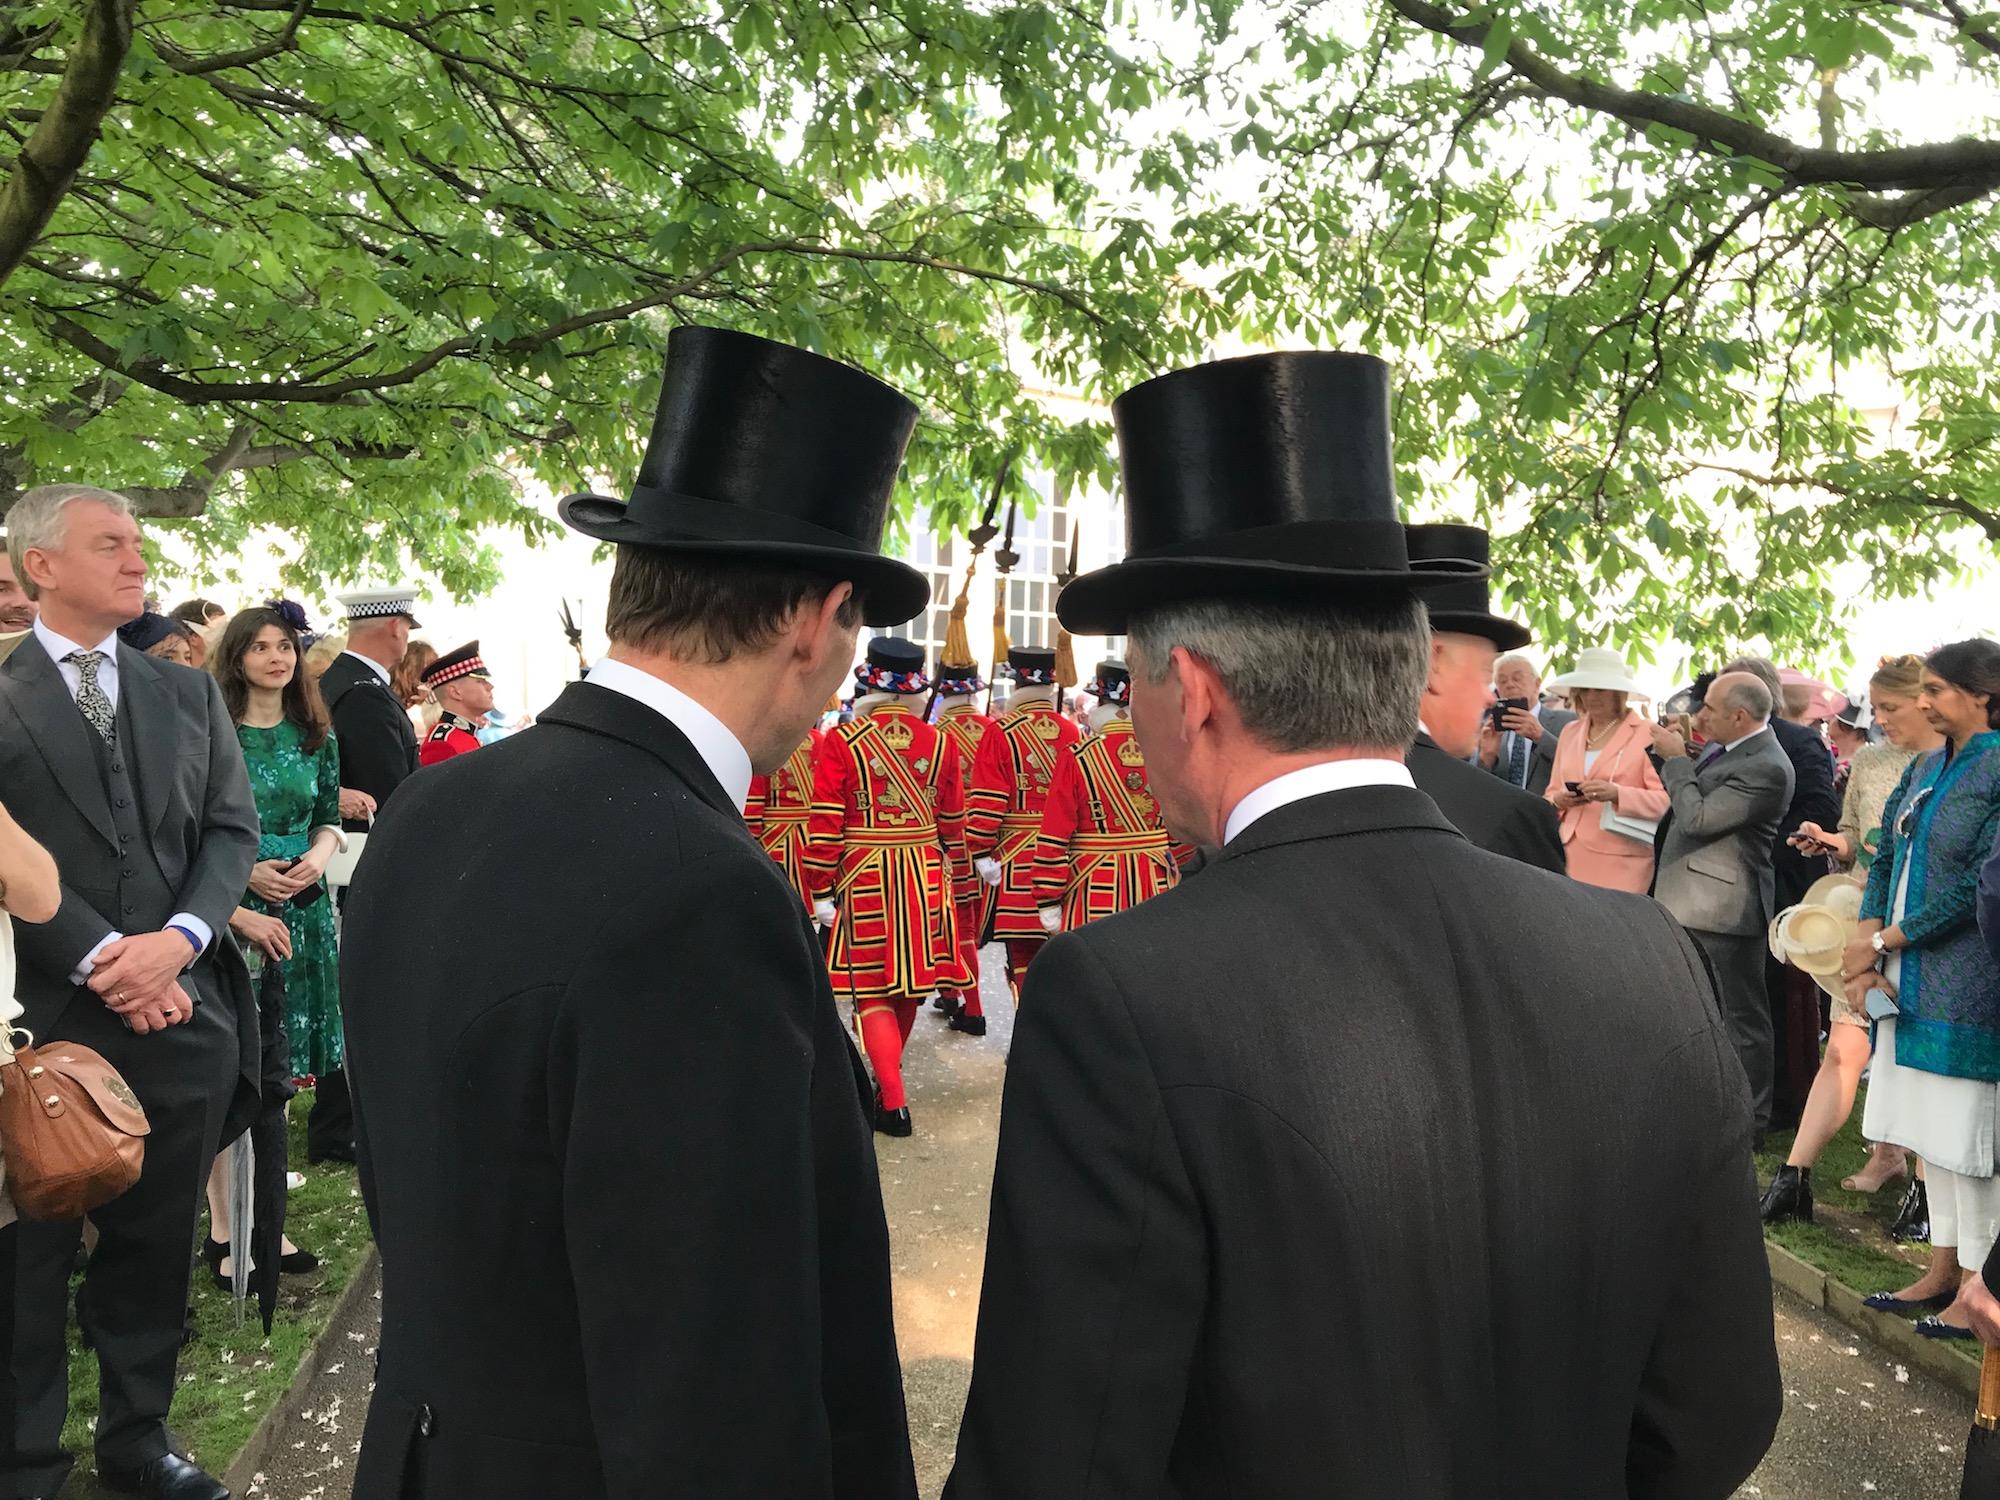 Men at Buckingham Palace.jpg
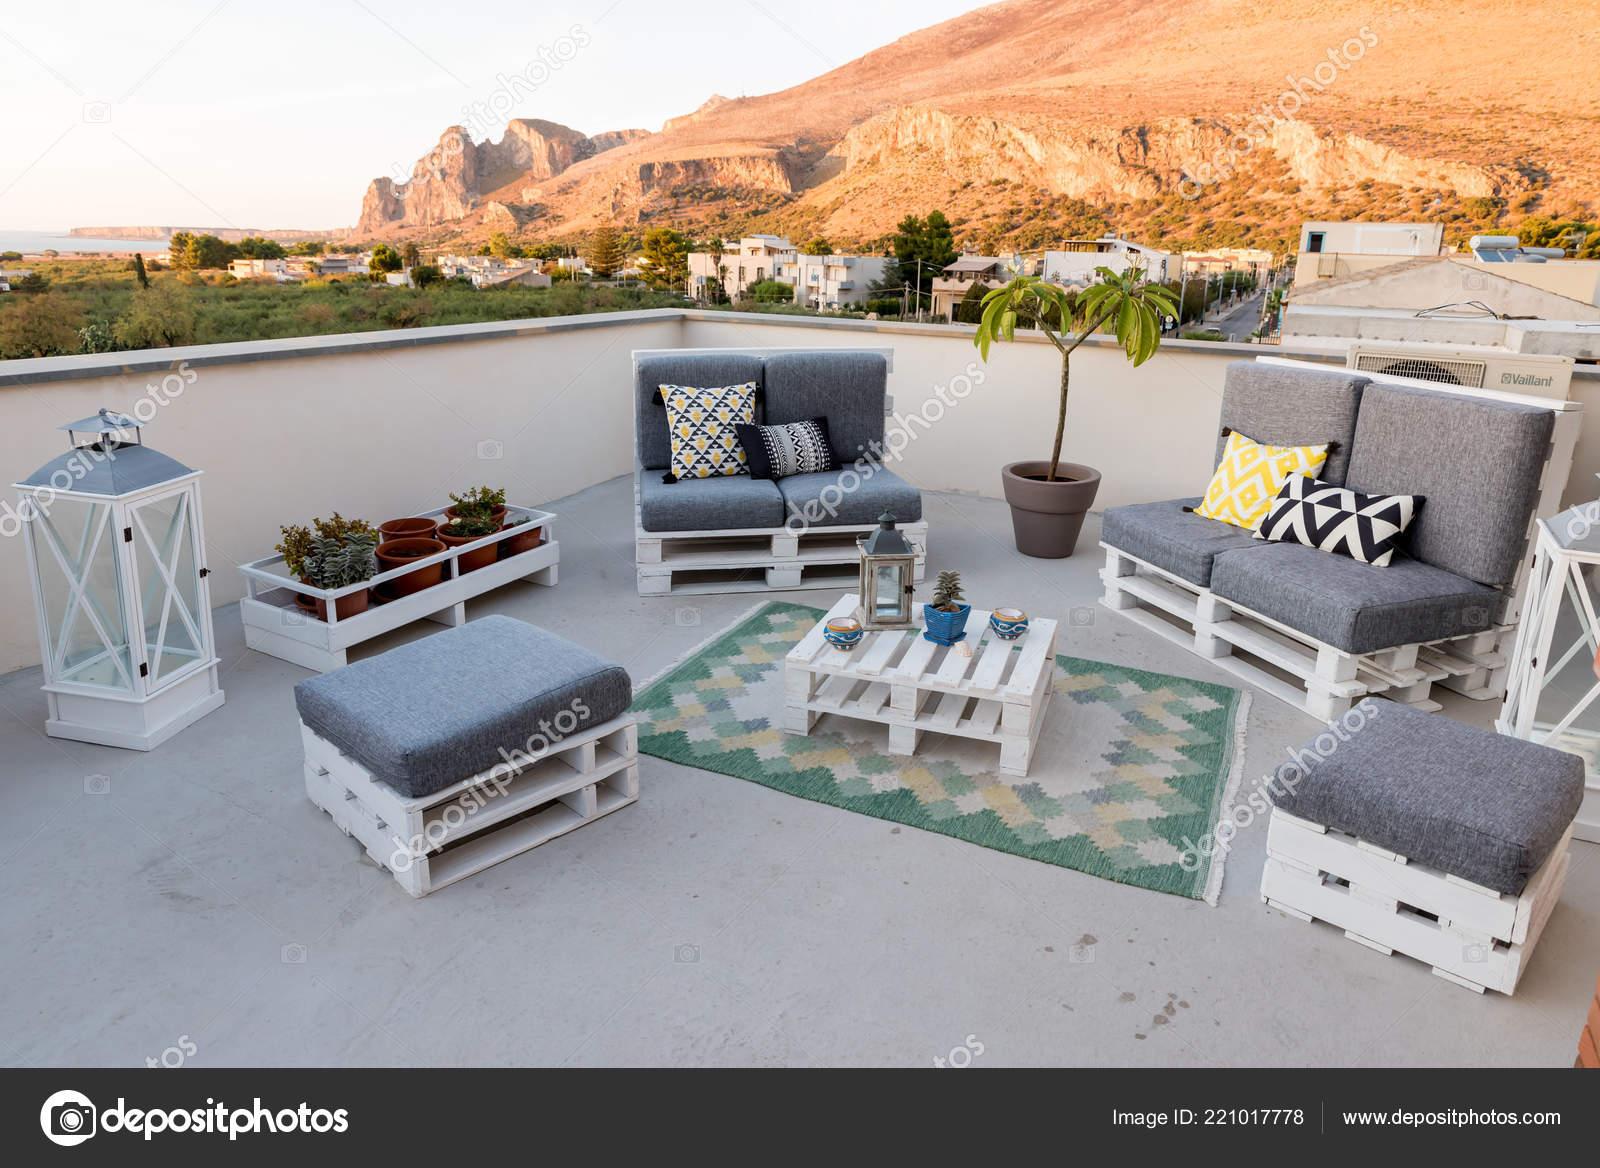 Muebles Terraza Jardín Foto De Stock Fpwing C 221017778
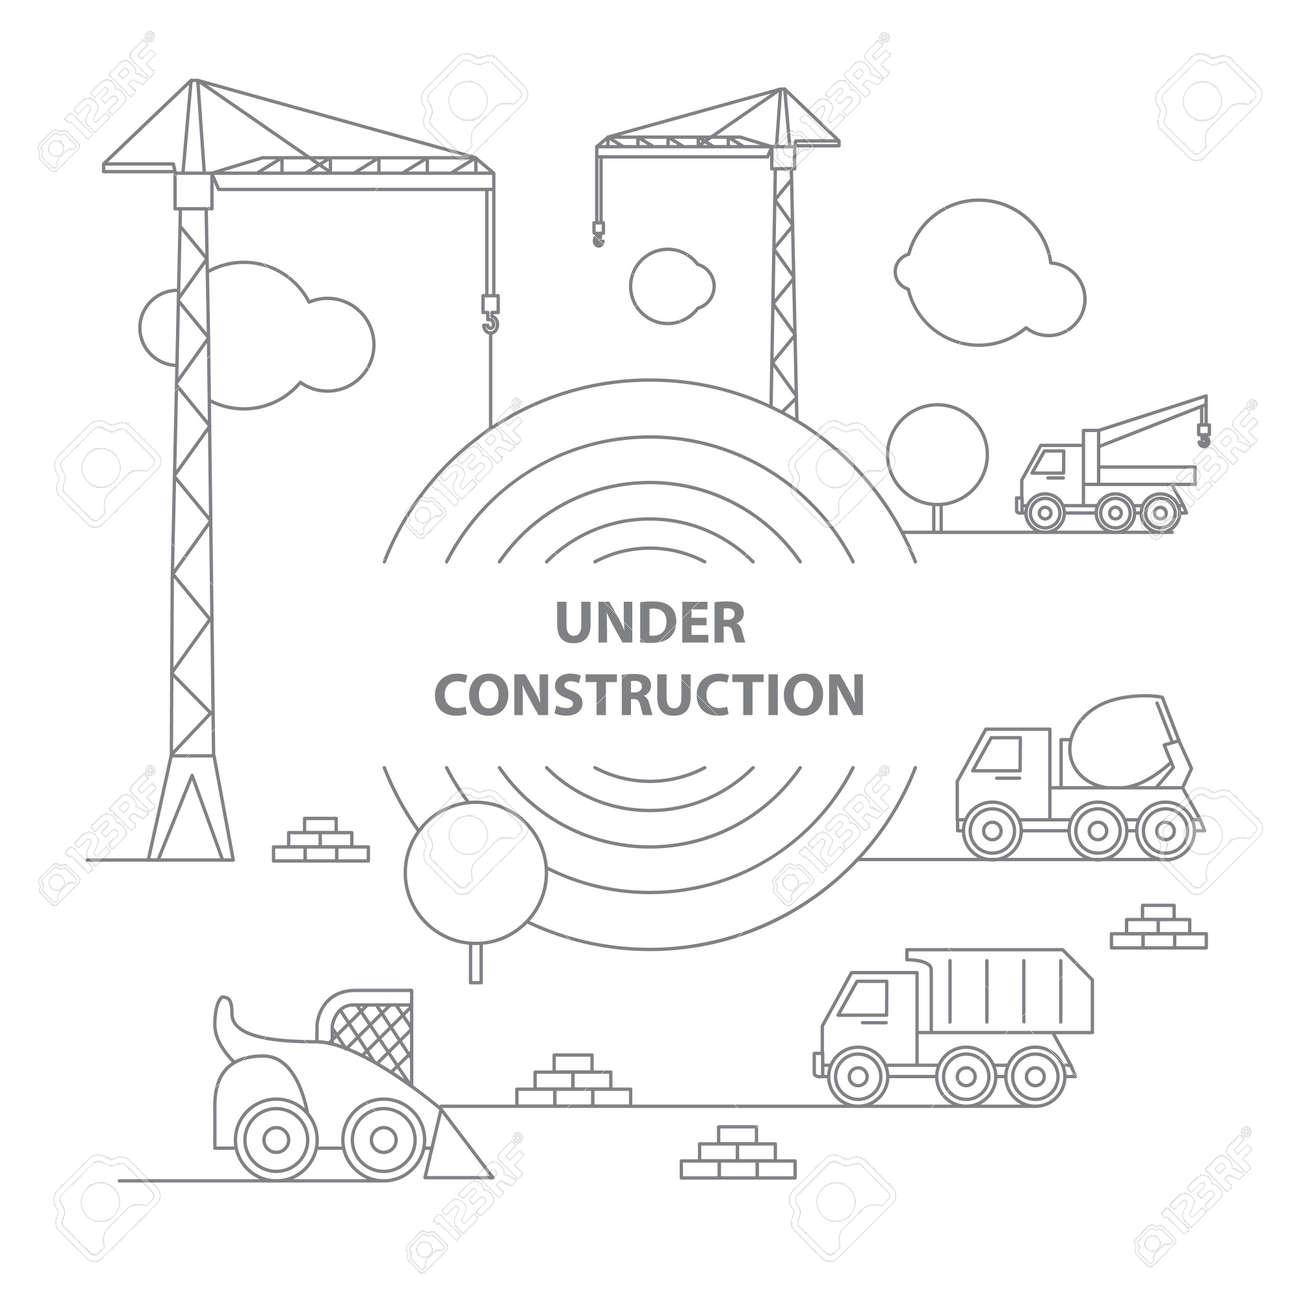 Gebäude Unter Baustelle, Bau Infografiken, Vektor Illustration ...
##########
Assignment
Every line of the listing is to be retyped exactly; pictures stay out.

Answer space
 Men at Buckingham Palace.jpg
 Muebles Terraza Jardín Foto De Stock Fpwing C 221017778
 Gebäude Unter Baustelle, Bau Infografiken, Vektor Illustration ...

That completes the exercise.